Опекунские имели непостижимый воскрешающий эффект… узел вещей волочился за бабулей, как сражённая падаль, и за час до прихода к Людмиле Анатольевне располагался на детских вешалках, обслуживающие две-три вещицы…кое-что было Светкино, как и необъятные марлёвки, сшитые одной из дочерей тёти Люды на уроке труда. Элина была уверена, что за марлёвки прилагалась часть опекунских, поскольку Людмила Анатольевна расцвела и похорошела сначала незримо, а затем откровенно: как заплывший тюлень в бриллиантовом отблеске айсберга, сражала своей добротностью и незамутнённым взглядом на полудикое сочетание пожертвованных Элине толстовки и бордовой юбки, повидавшей ни одну женскую задницу семейства дочерей. Дыбится тугим калачом гордость Людмилы Анатольевны, лишь только бабушкин призрак знал о ней всё – от панталон до ранних хороводов средней дочери и воплощала с этим кладезем Броуновское движение, не зная, как подчинить себе некогда приживчивую дальнюю родственницу. Сейчас из общих интересов остались разве что марлёвки… Когда бабуле скучно, она выскакивает из одиночества, и тучность ей не помеха, оставляет свои диагнозы на диване, а невероятную бодрость посвящает искусному семейству марлёвочниц.

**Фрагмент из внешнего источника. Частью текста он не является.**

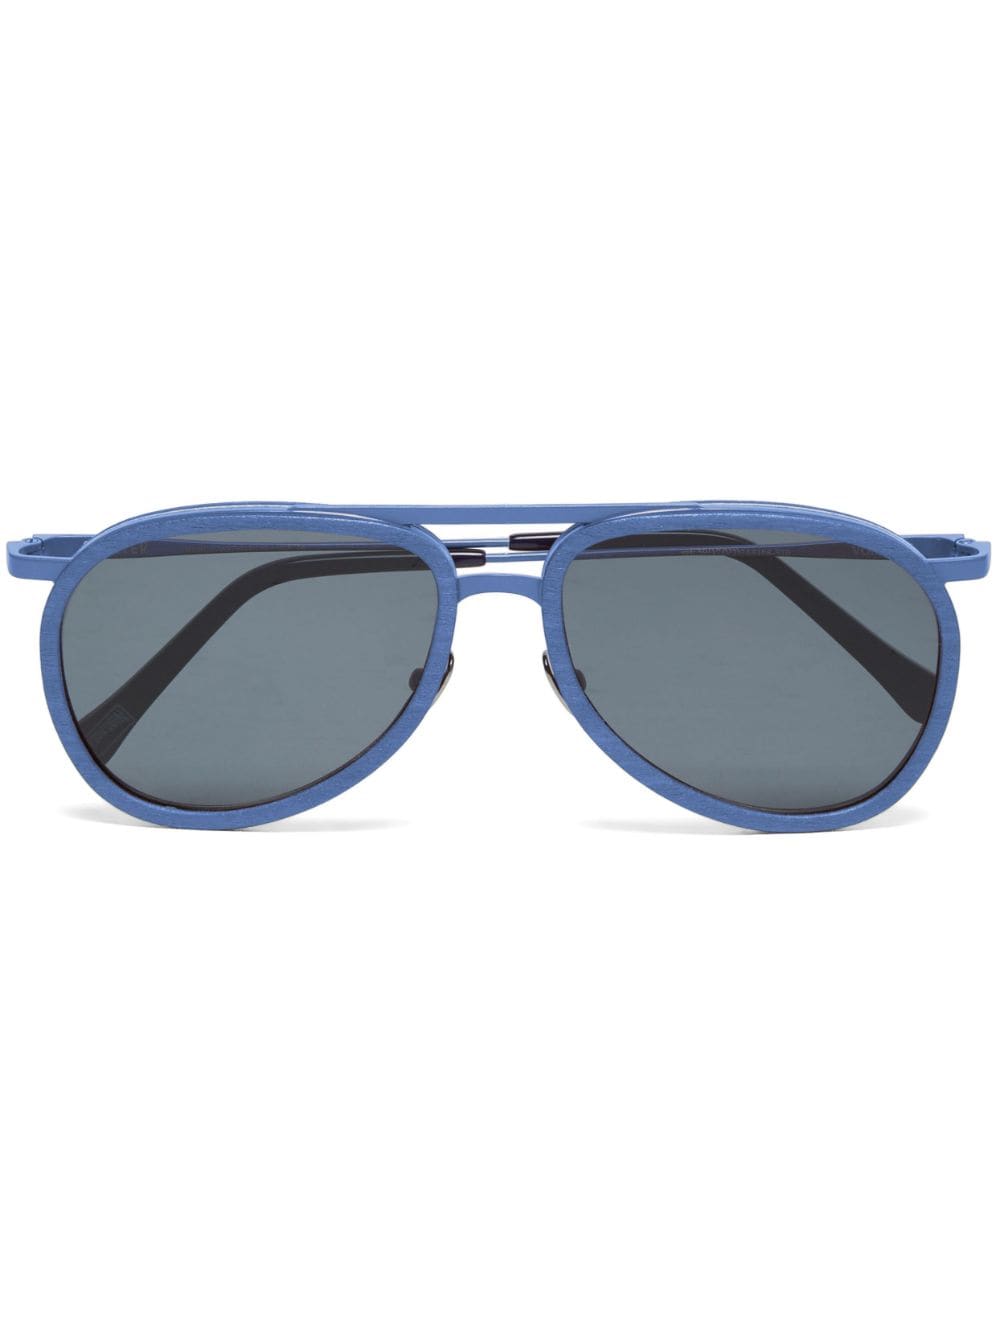 Vilebrequin x Shelter aviator sunglasses - Blu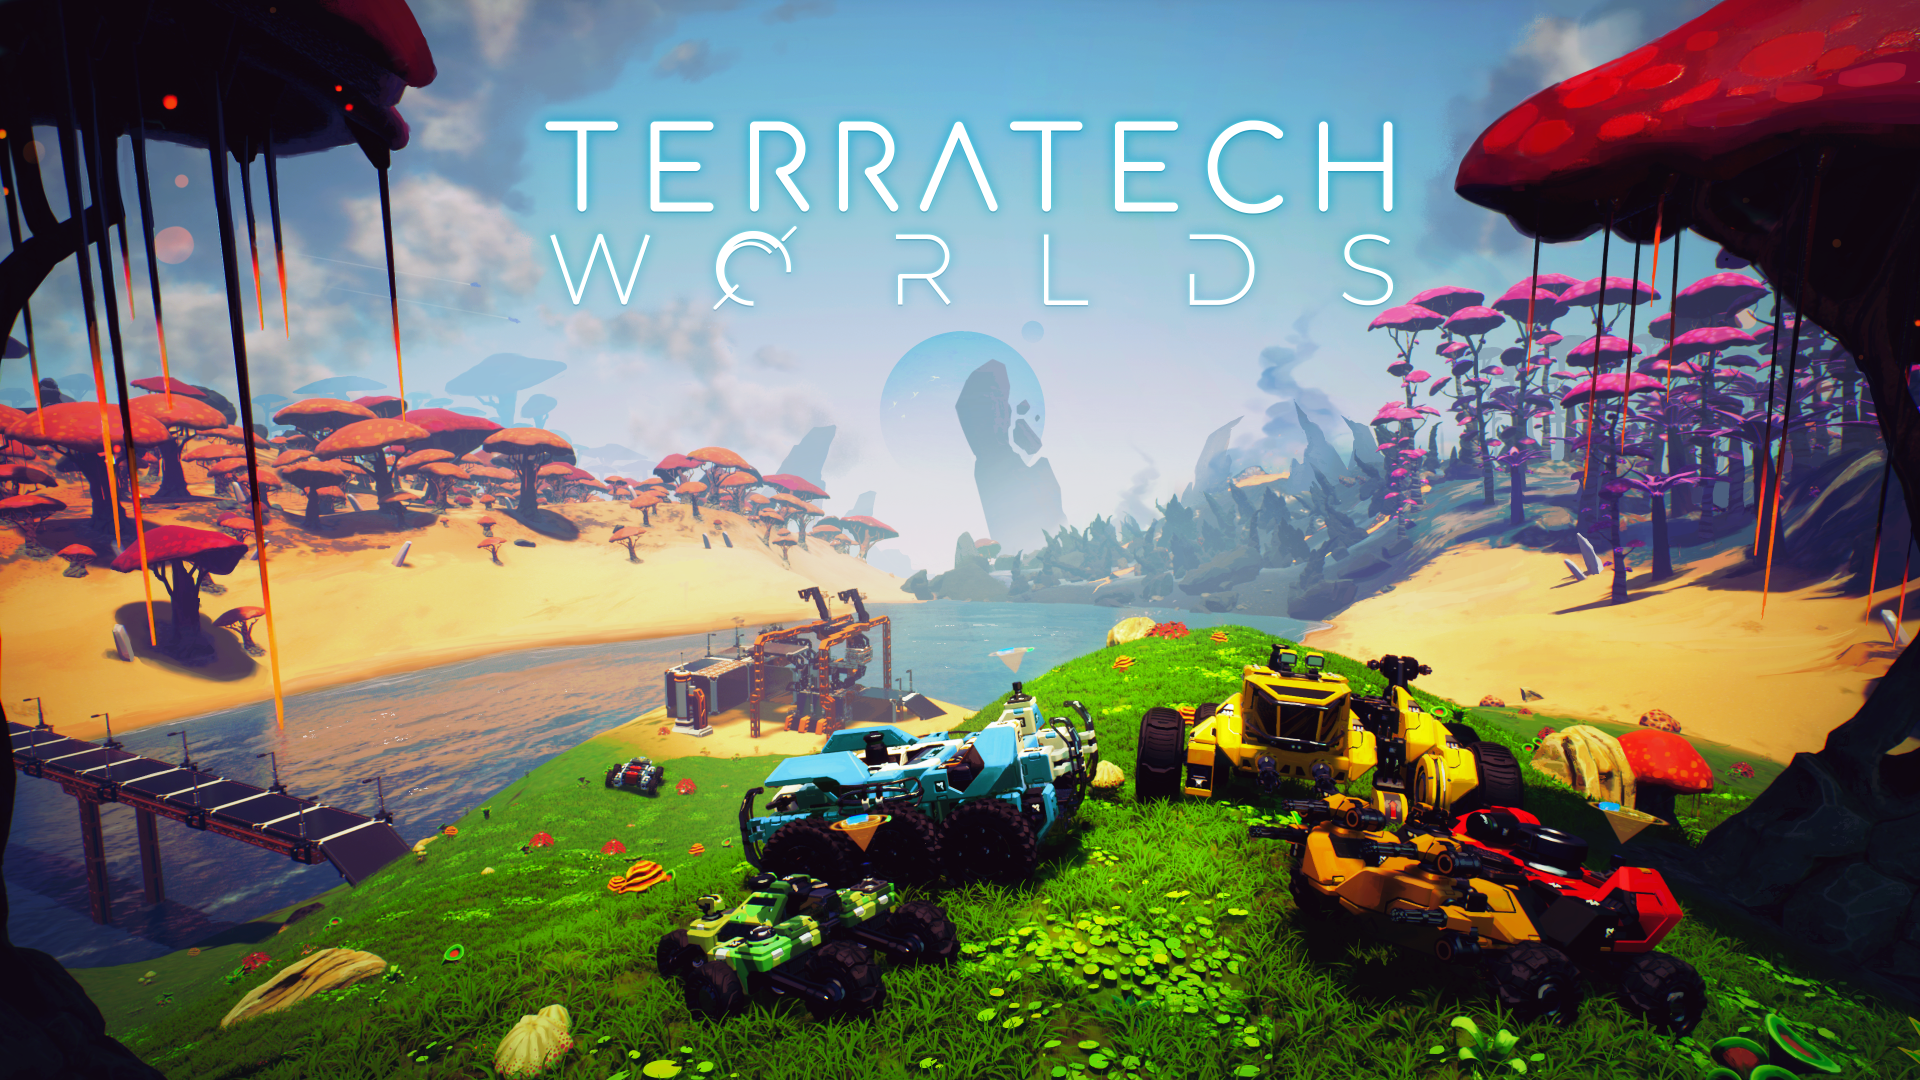 TerraTechWorlds earlyaccesspreview thumb bg

Невероятных размеров день тянулся как болезненный сквозняк; среди раритетных тюлей, опутавших дневной свет и тушащих так же нещадно темноту, проходили выходные дни Элины. Среди огромных диванных находок, помимо тонометра и пустых блистеров, встающих на дыбы пластиковыми гранями, угрожающими распороть каждый любопытный смелый палец, так и совсем безвинные блохи бытового мусора в виде четвертушек газет, неохотно знакомили Элину с внешним миром и возрастом, когда в полную силу распускается нечисть в душе некогда вполне нормального человека после вхождения в ранг старушки. Элине, как будущей хозяйке, полагалось знать, что и как моется, стирается, жарится с беспрецедентными толкованиями и практиками в посудомоечных и стирочных упражнениях. Потерпевшим веником, лысым, как сабля, Элина сквозь плотные пары тюли, пока не материализовался марлевый призрак, вычищала под диваном всё до последней соринки и руками не притрагивалась ни к одной дряни, о назначении которой проступало больше вопросов, нежели желания подержать в руках подозрительное сокровище. Марлёвочницы никогда не дремли… в кружок семейного рукоделья бабушка упорствовала определить Элину ради удешевлённого обновления гардероба марлей. Признание Элины в кружке однажды состоялось от щедрости авансом и также милостиво её вернули за несуразные вышивки, точно амулеты потерянной этнической народности, которая буквально воскресала из вышивок. Стоит признать, что было больше клеветы, нежели правдивого возмущения. В выходные тюль воскресала на окнах после стирочных дней; струились водопадом нелепости банты-туники и приминали взгляд к низу, и не видно было горизонта между полом и интерьерным обмороком…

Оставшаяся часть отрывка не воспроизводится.